How to Be a Groomsmen: From Boutonnières to Toasts
In this day and age, we call men “guys” and yet on a wedding day, we expect gentlemen. A lot of the fashion sense and etiquette we have grown to expect has been lost over generations of increasing casualness. Do you know how to pin on a boutineer? Outside of prom, you probably have not worn one. What about a pocket square? Do you know how to tie a tie? Use studs and cufflinks?
Increase the pressure, a photographer like me is going to photograph you trying to figure it out.
Do your homework and practice a bit. The Art of Manliness has tons of great tutorials to help you out. If you get stuck that day, I’ll help you out.
Beyond all the formalwear, your purpose is both to witness and support the bride and groom in their new marriage. You watch and affirm the life-long commitment they are making to one another, and say, “Yes! I think this is a good idea!” Keep your knees unlocked so you can attentively bless and encourage your friends or family as they are getting married. Though it makes a good story, I’d suggest avoiding fainting.
During portraits or other transitions, help the couple by carrying things or offering to help with anything they need. Bring some water, grab a snack, chapstick, or drive the car around.

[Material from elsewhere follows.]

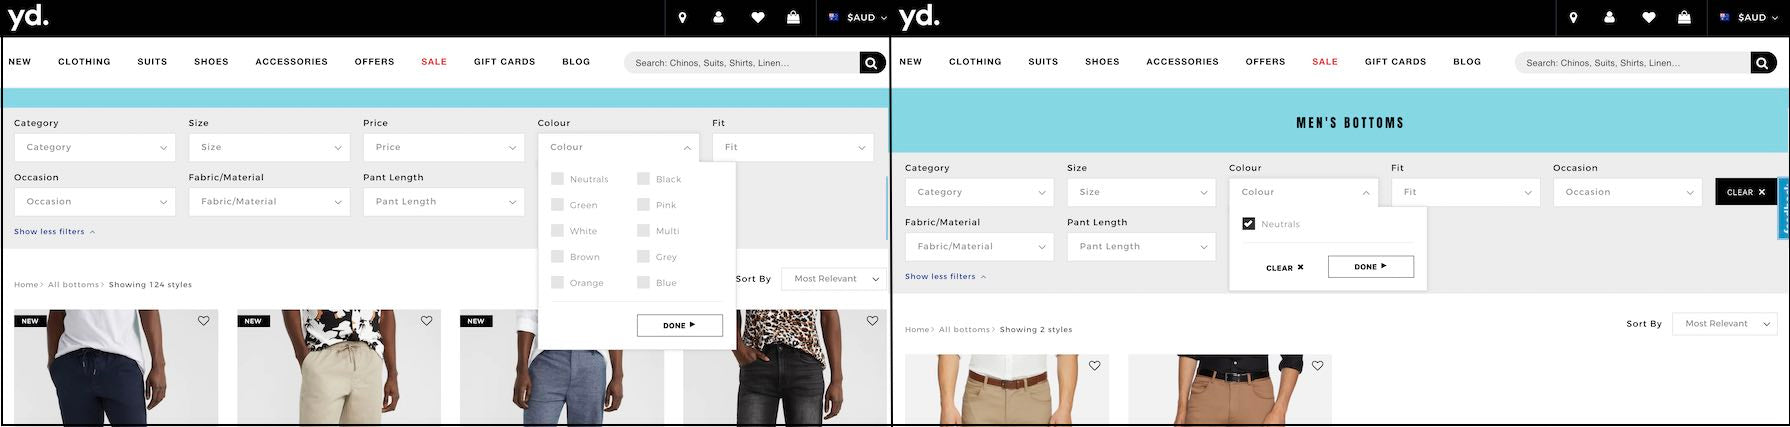 inefficient product filters on ecommerce website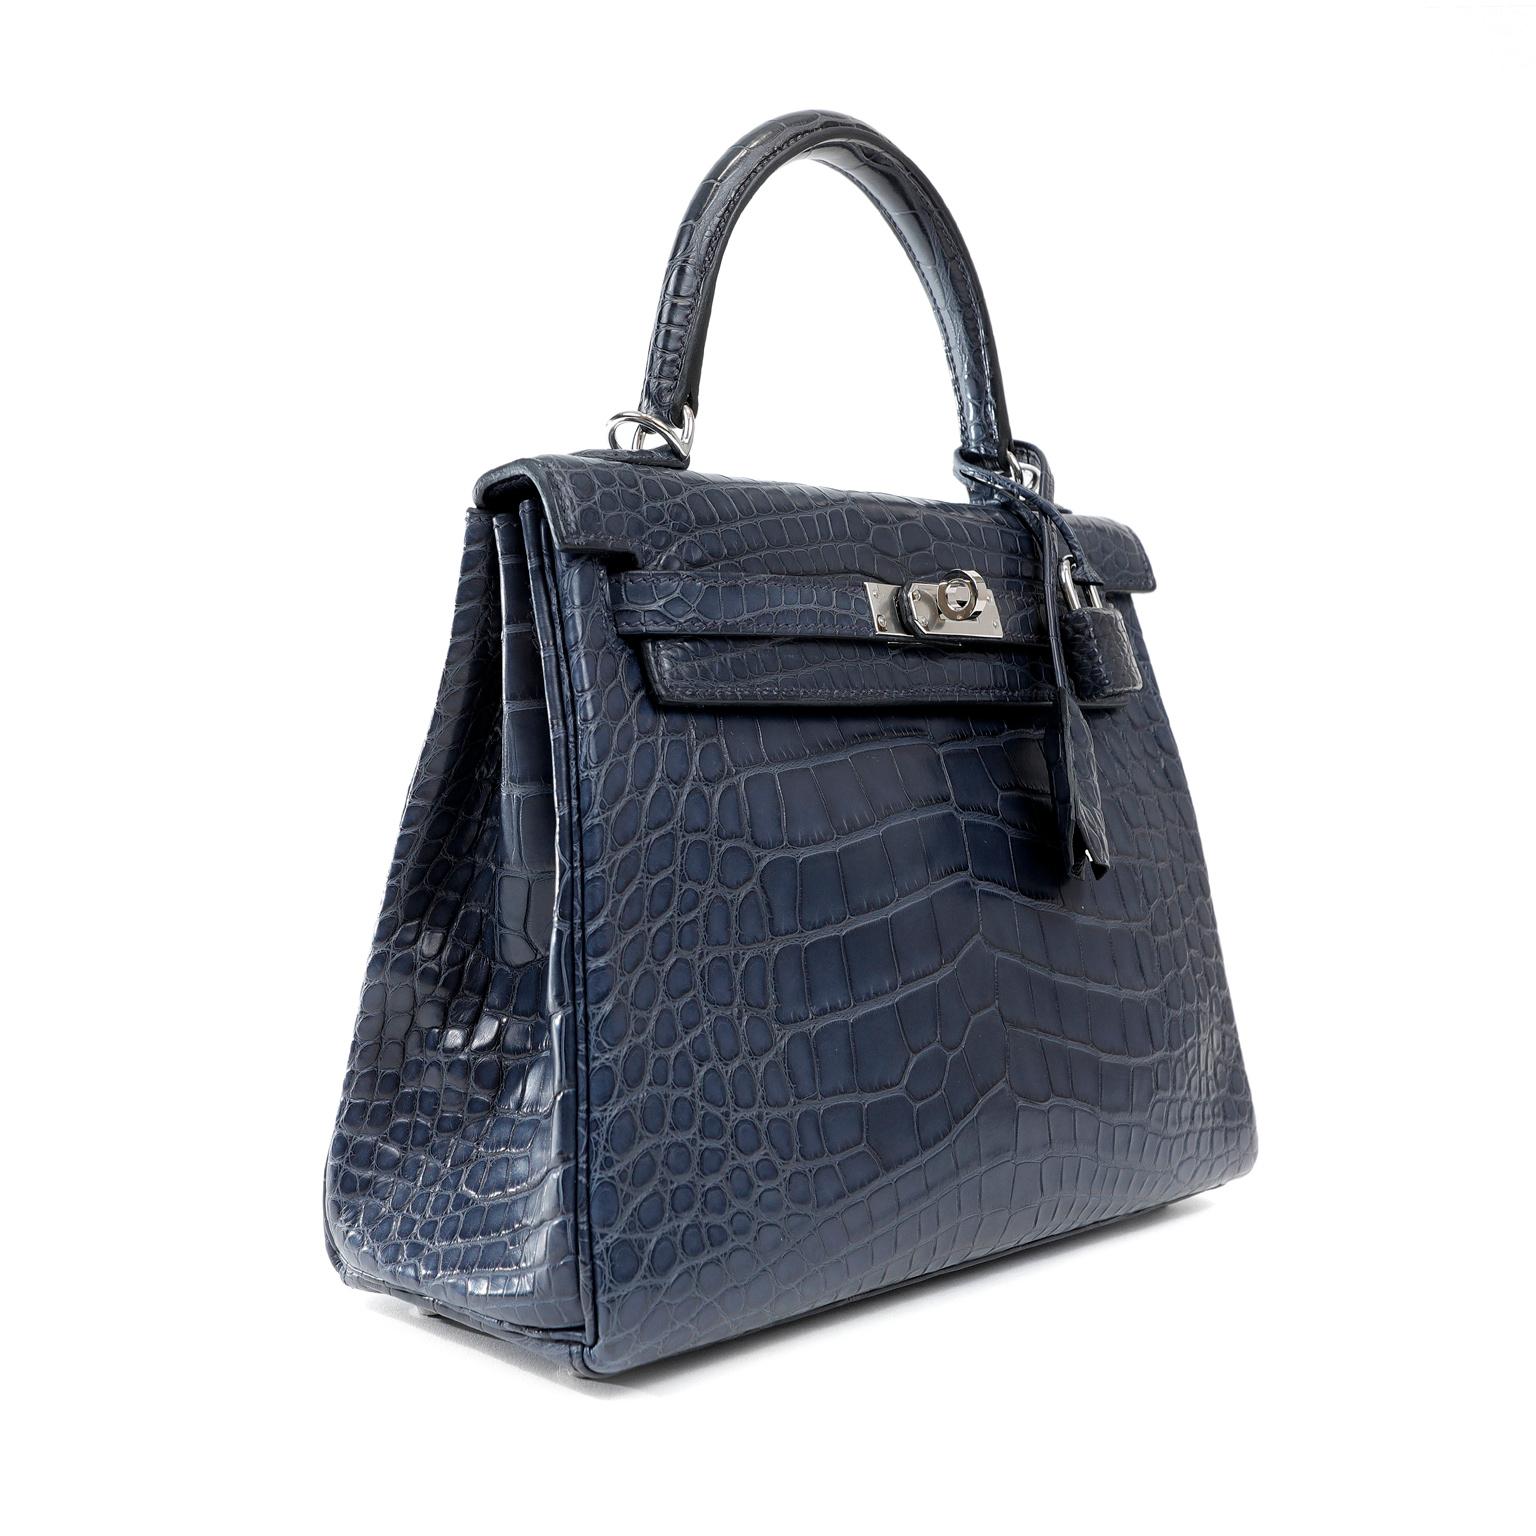 This authentic Hermès Navy Crocodile 25 cm Kelly is in pristine unworn condition.  The protective plastic remains intact on the hardware.   Hermès bags are considered the ultimate luxury item worldwide.  Each piece is handcrafted with waitlists that

Many Best Men know their duties include a toast. I’ve seen all sorts. Including one with a sword. Most with laughing, some with crying, and the occasional poorly prepared toast. Do your best to bless the couple and stick to your personality to aid the celebration.
Are you an usher? Ushers usually get off easy or no one knows how to tell you your job. But people want to see, and your job is to escort people to their seats and help them find the best place to sit for their size of party. Perhaps it’s a family with a young child. Place them near an aisle (not the center aisle, if you can), so they can escape if needed. Family? Up close. Large group, help them find the open areas so they can sit together.
Etiquette would encourage you to escort the eldest female by the arm, and her partner or family would follow.
What about during all those pictures? The best groomsmen are respectful of the couple and the photographer and full of fun. Sometimes all the guys have known each other for years, and it’s joyful reunion. Sometimes the groomsmen come from all walks of the groom’s life, so they don’t have long-term camaraderie, and that’s ok, but do your best to break out of your shell and have fun. Listen to the photographer and do your best to listen to their lame jokes to keep you smiling.
The photographs will be cleaner and taken faster if you leave your phone and keys in the car or limo. Empty those pockets, please! Same goes for sunglasses unless that’s part of the game-plan.
If you are married, dating, or otherwise connected with a bridesmaid, stick close and you’re likely to be positioned in the photograph with the person you like best. When a photographer is moving fast, group portraits are often done by who is closest or the height that balances the photo the best.